En fait, les actions des fabricants de PC chinois ont grimpé sur de nombreuses places boursières, sans doute soutenues par l’imminence de commandes massives de la part des agences gouvernementales et des entreprises publiques au cours des deux prochaines années. Il reste à voir si les marques de PC chinoises commenceront à utiliser plus activement les processeurs développés localement (le nouvel ordre ne les oblige pas à le faire).

Néanmoins, si l’on garde à l’esprit que ces puces peuvent à peine concurrencer le matériel conçu par AMD et Intel, ce n’est pas vraiment probable. Peut-être que les développeurs de CPU basés aux États-Unis perdront certaines commandes de processeurs bas de gamme des fabricants de PC chinois au profit de sociétés comme Zhaoxin. Toutefois, étant donné la demande croissante de processeurs client et serveur haut de gamme en général, cela ne les affectera guère.

Le plus grand défi

En général, la fabrication de PC portant des marques chinoises n’est pas un problème pour les fabricants chinois. Le plus grand défi et l’une des principales raisons pour lesquelles la Chine dépend encore de la technologie étrangère serait de remplacer les logiciels américains et européens par des alternatives chinoises. Il existe un certain nombre de distributions Linux développées en Chine, comme Red Flag Linux conçu par Red Flag Software et Kylin développé par l’Université nationale de technologie de défense, qui pourraient potentiellement remplacer Windows et/ou les distributions Linux étrangères pour certains utilisateurs.
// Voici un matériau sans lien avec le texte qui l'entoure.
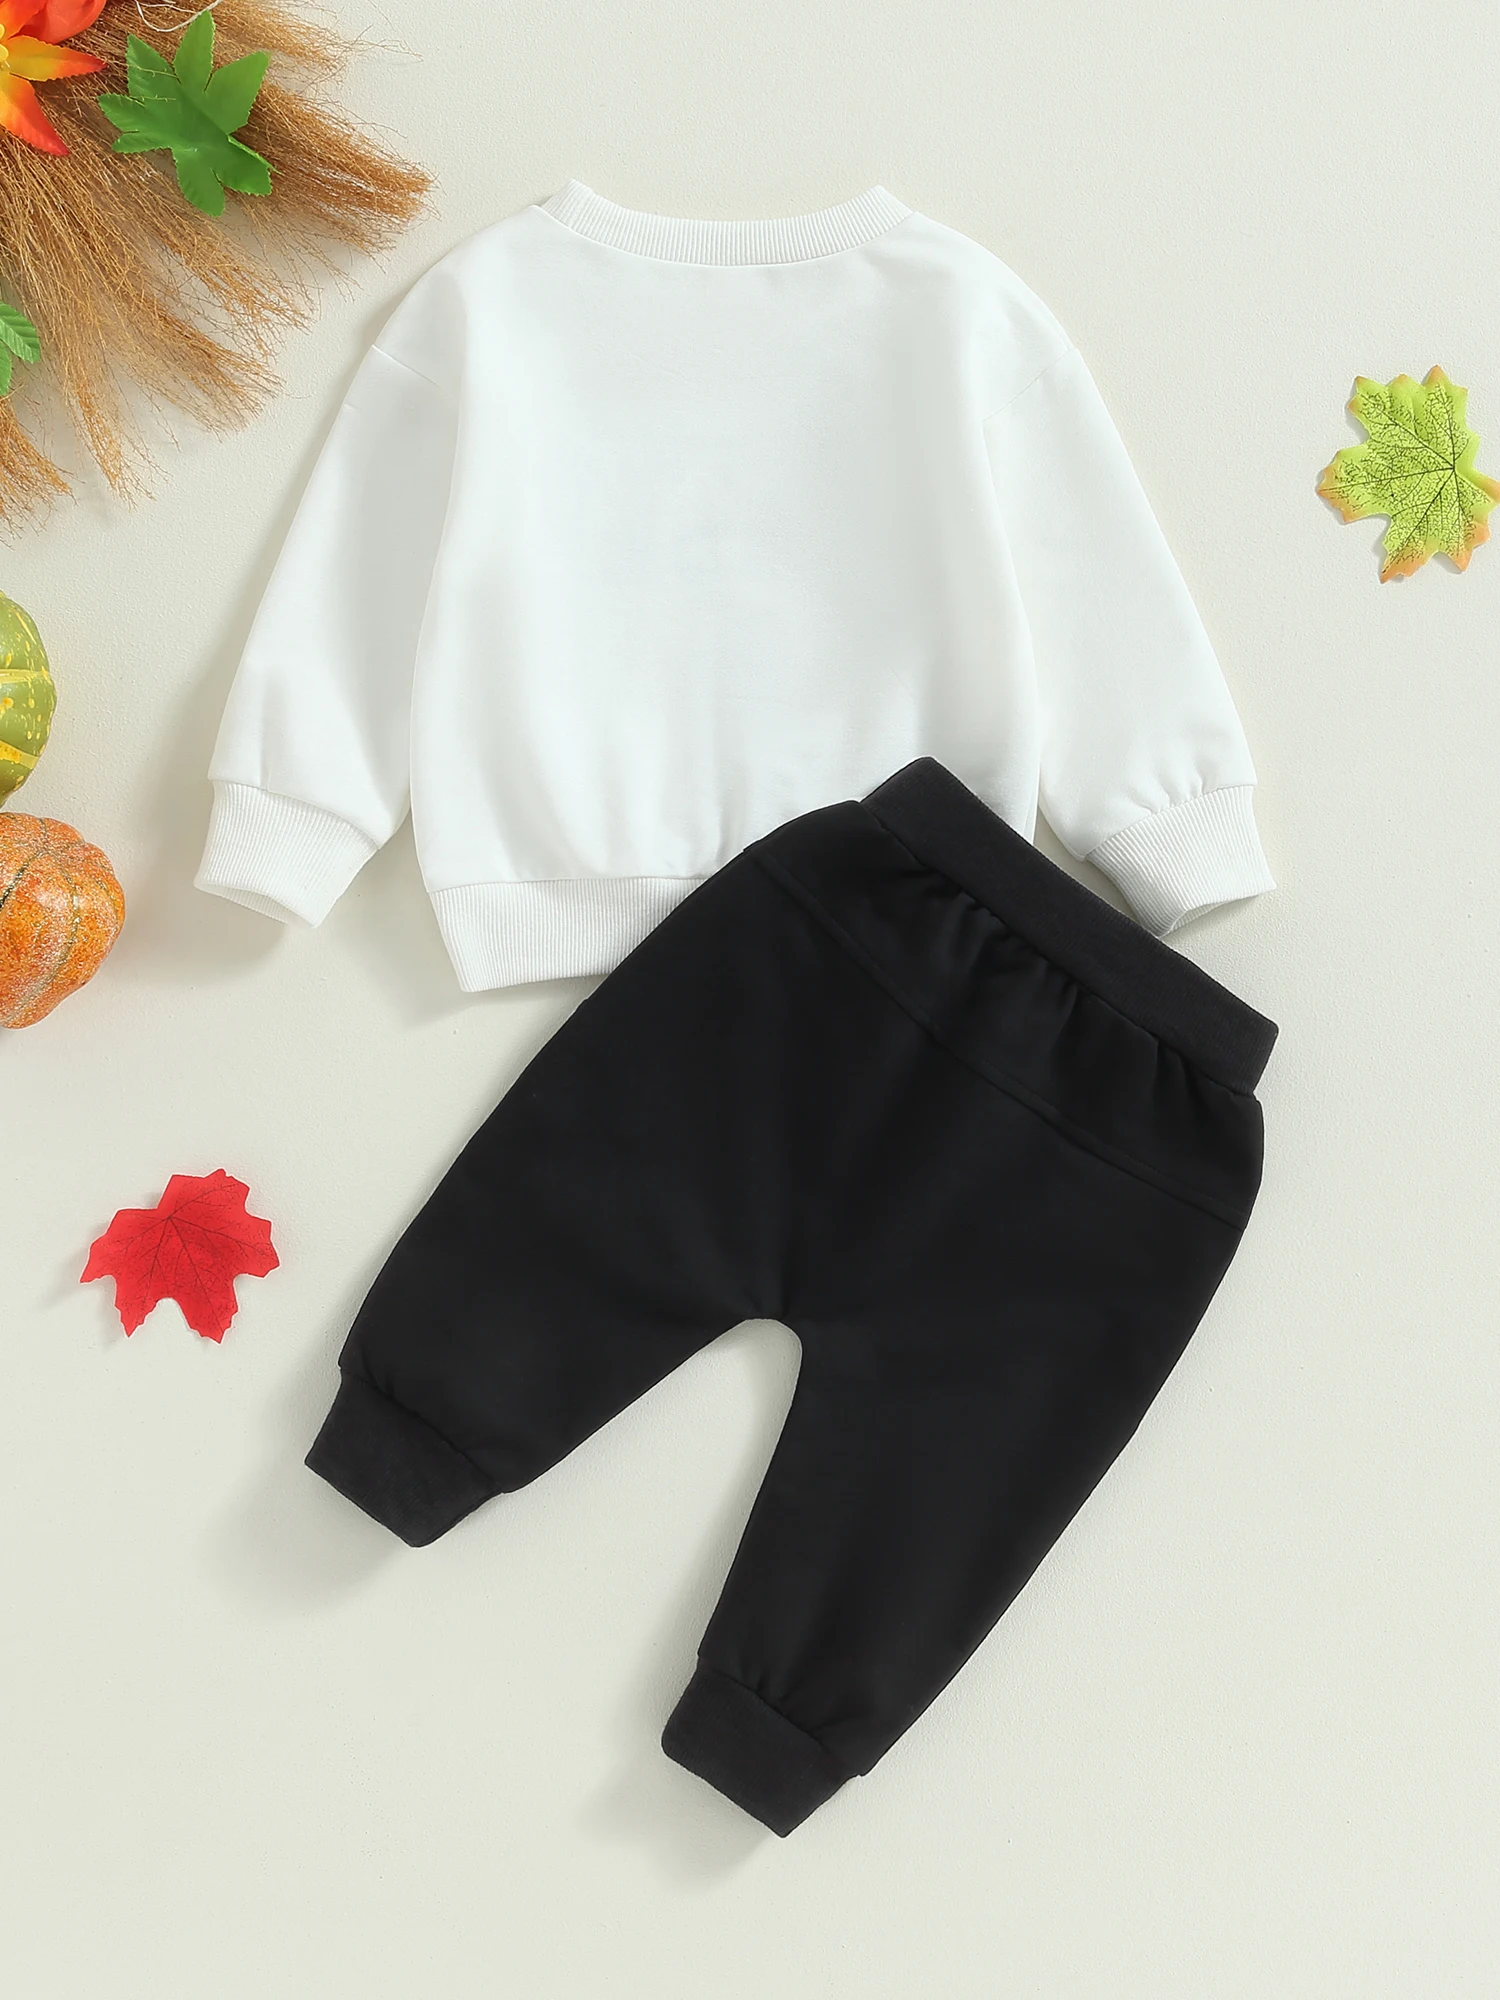 

Детский Семейный комплект, комбинезон с принтом тыквы, юбкой-пачкой и повязкой на голову, очаровательный осенний наряд для младенцев

Il existe également des alternatives à Office de Microsoft et à certaines autres applications généralement utilisées, telles que Photoshop d’Adobe. Bien que les alternatives ne soient pas aussi confortables à utiliser que les originaux et que leurs capacités soient souvent inférieures à celles des originaux, elles peuvent néanmoins faire l’affaire (mais pas dans tous les cas).

Le problème est qu’il existe de nombreux logiciels professionnels développés depuis des décennies qui n’ont pas d’alternatives offrant des capacités et des fonctionnalités similaires. Les programmes utilisés pour la création de contenu, la conception assistée par ordinateur (CAO), l’automatisation de la conception électronique, la visualisation professionnelle (ProViz), le montage vidéo, la post-production vidéo et de nombreuses autres applications seraient pratiquement irremplaçables.

C’est pourquoi les entreprises de médias et de sécurité ont obtenu des permis spéciaux pour acheter des équipements étrangers. Pendant ce temps, le gouvernement chinois veut non seulement que ses propres employés passent aux programmes chinois, mais il exige également que les entreprises publiques et celles qui sont soutenues par l’État cessent d’utiliser les logiciels américains et européens.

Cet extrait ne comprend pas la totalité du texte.